Unemployment taxes are experience-rated, which means businesses that lay off more workers pay more. But California’s federal debt imposes an additional charge that’s spread evenly among all employers, which makes them — and some lawmakers — wary about increasing it.

“I cannot support a bill that will add debt to employers who are completely uninvolved in the strikes,” said Senate Minority Leader Brian Jones, a San Diego Republican, during a floor debate on the bill.

Much of the system’s debt stems from California’s decision to impose unemployment taxes on just $7,000 of workers’ annual income, experts say — the lowest among states, tied with Florida, Arkansas and Tennessee. (Washington, the state with the highest rate, assesses unemployment tax on the first $67,000.)

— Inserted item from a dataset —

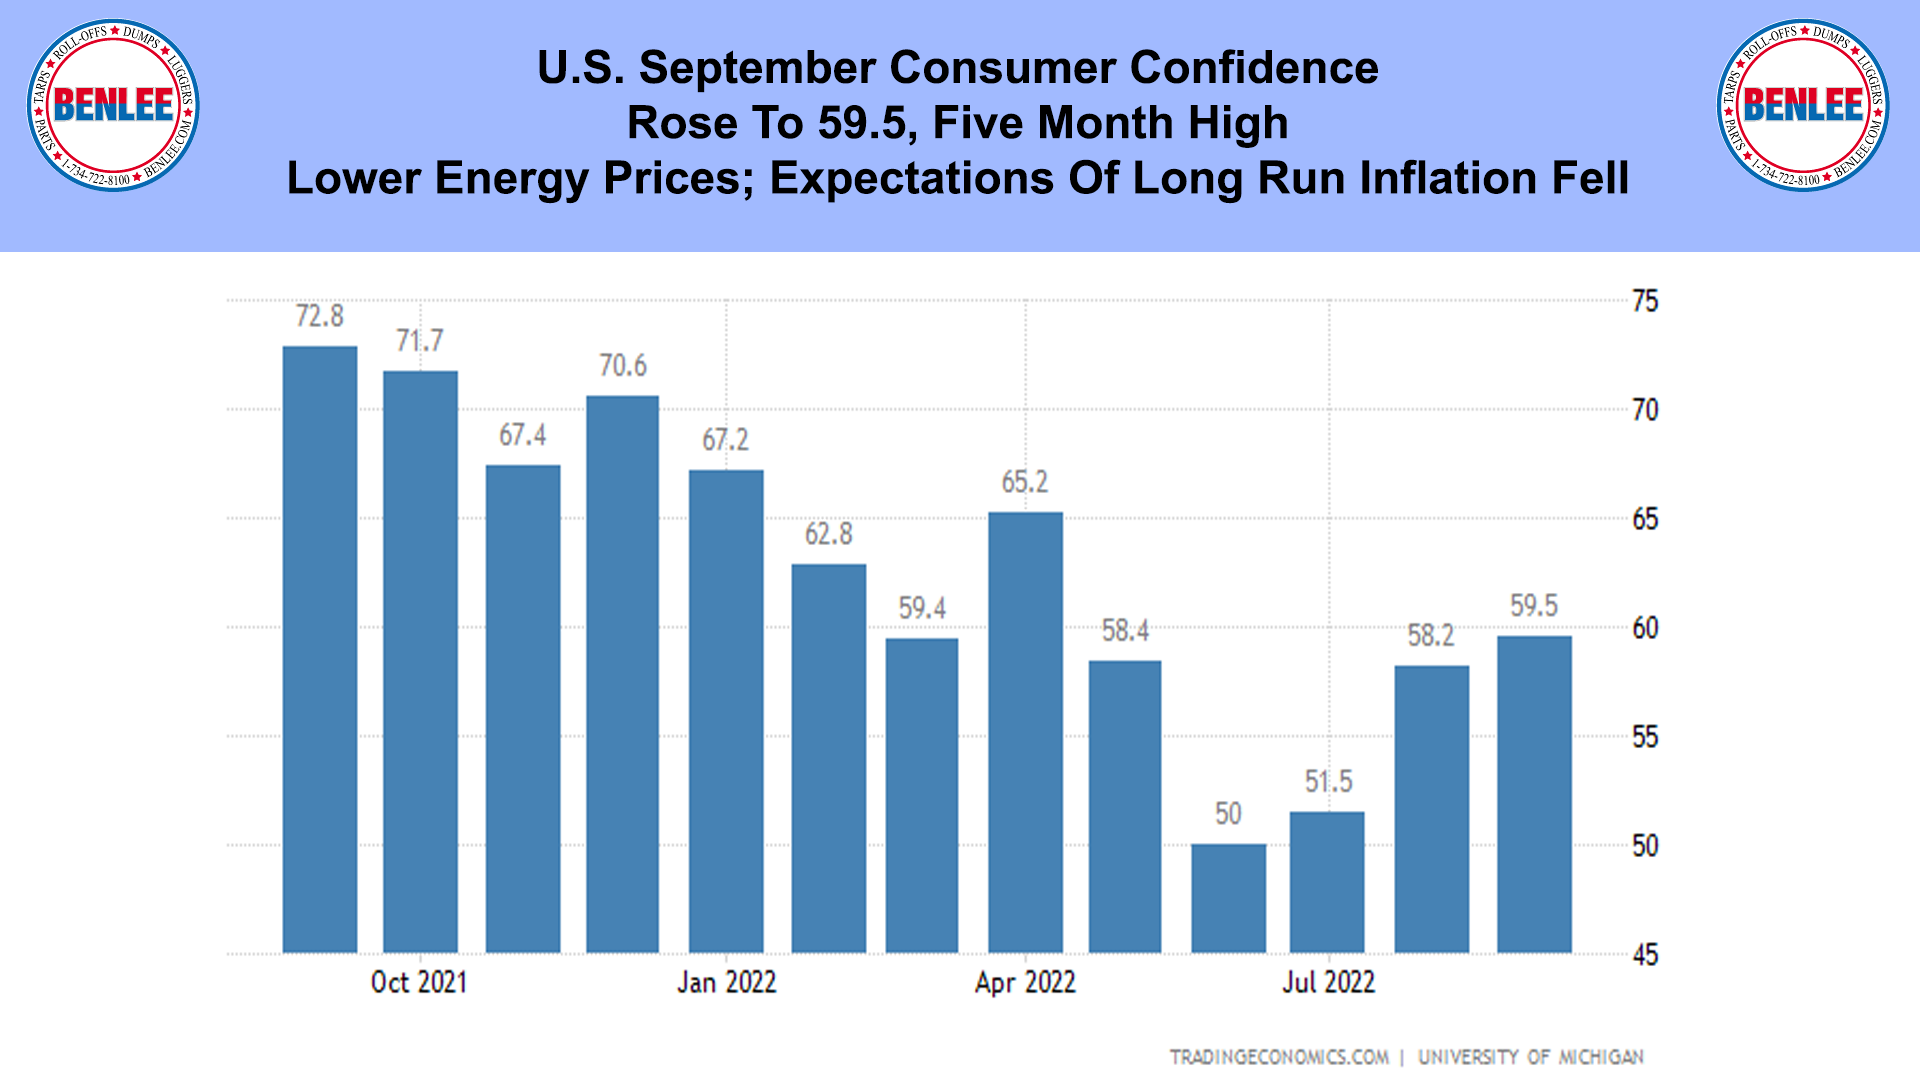 U.S. September Consumer Confidence

Progressive economists are quick to point out that unemployment benefits would help not just individual strikers but the broader economy. With thousands of writers and actors out of work, “that’s a lot of people who might not be going to coffee shops, and you could see them shuttering their doors,” said Alix Gould-Werth, director of family economic security policy at the Washington Center for Equitable Growth. Unemployment checks could prevent some of that hardship, she said.

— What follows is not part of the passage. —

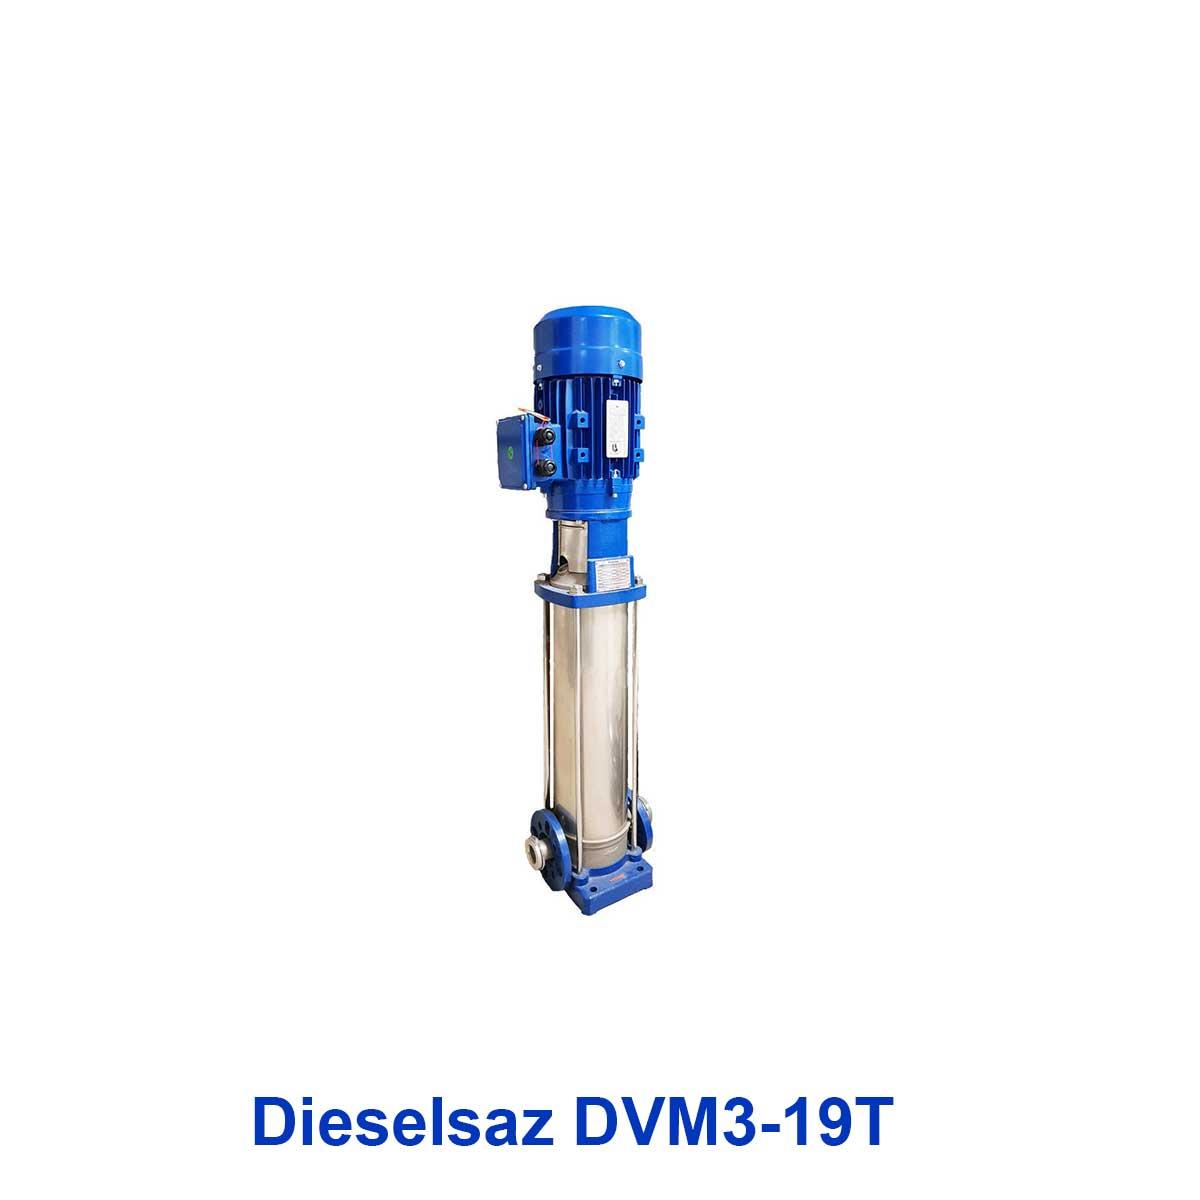 waterpump-vertical-Dieselsaz-DVM3-19T

Unemployment benefits’ role

The federal government designed the unemployment insurance system to help keep wages from declining overall, said Evermore of The Century Foundation. Allowing workers to engage in collective action supports that goal, she said.

“This is one of those issues where states have to decide. If they want to be a low road state with low wages and bad infrastructure they can do that,” she said. “You have to decide, do we actually want a high quality of living in the state and not just cheap labor and happy wealthy people in gated communities?”

Sen. Anthony Portantino, the Burbank Democrat who authored the proposal, has said he sees it as an opportunity to discuss ways the state could shore up the unemployment fund.

“Your feet hurt, they’re swollen, you’re not eating properly. And your bills keep coming in. They don’t know you’re on strike.”
— Mayra Macias, cashier and barista at Whittier College

Duggan, the Stanford professor, pointed out that other states — red and blue — have set the amount of wages subject to unemployment taxes to rise as overall incomes do. Connecticut recently did that after its fund weakened due to a flood of pandemic-related claims.

“It’s just good government — if you’re going to run a program like this, it shouldn’t live beyond its means,” said Duggan.

Newsom recently told Politico he was “cautious” about expanding unemployment benefits given the fund’s debt. A spokesperson for his office declined to say Friday whether he would sign the bill. The governor has until Oct. 14 to make a decision.

Macias said she hopes he’ll sign.

For the 61-year-old, going on strike was worth it: Bon Appetit agreed to put 90 cents per hour worked toward a pension fund.

“There’s a peace of mind that I know when I’m old and frail and I can no longer work for these big companies, I will have something come through my mail besides Social Security and that’ll be my union pension,” she said.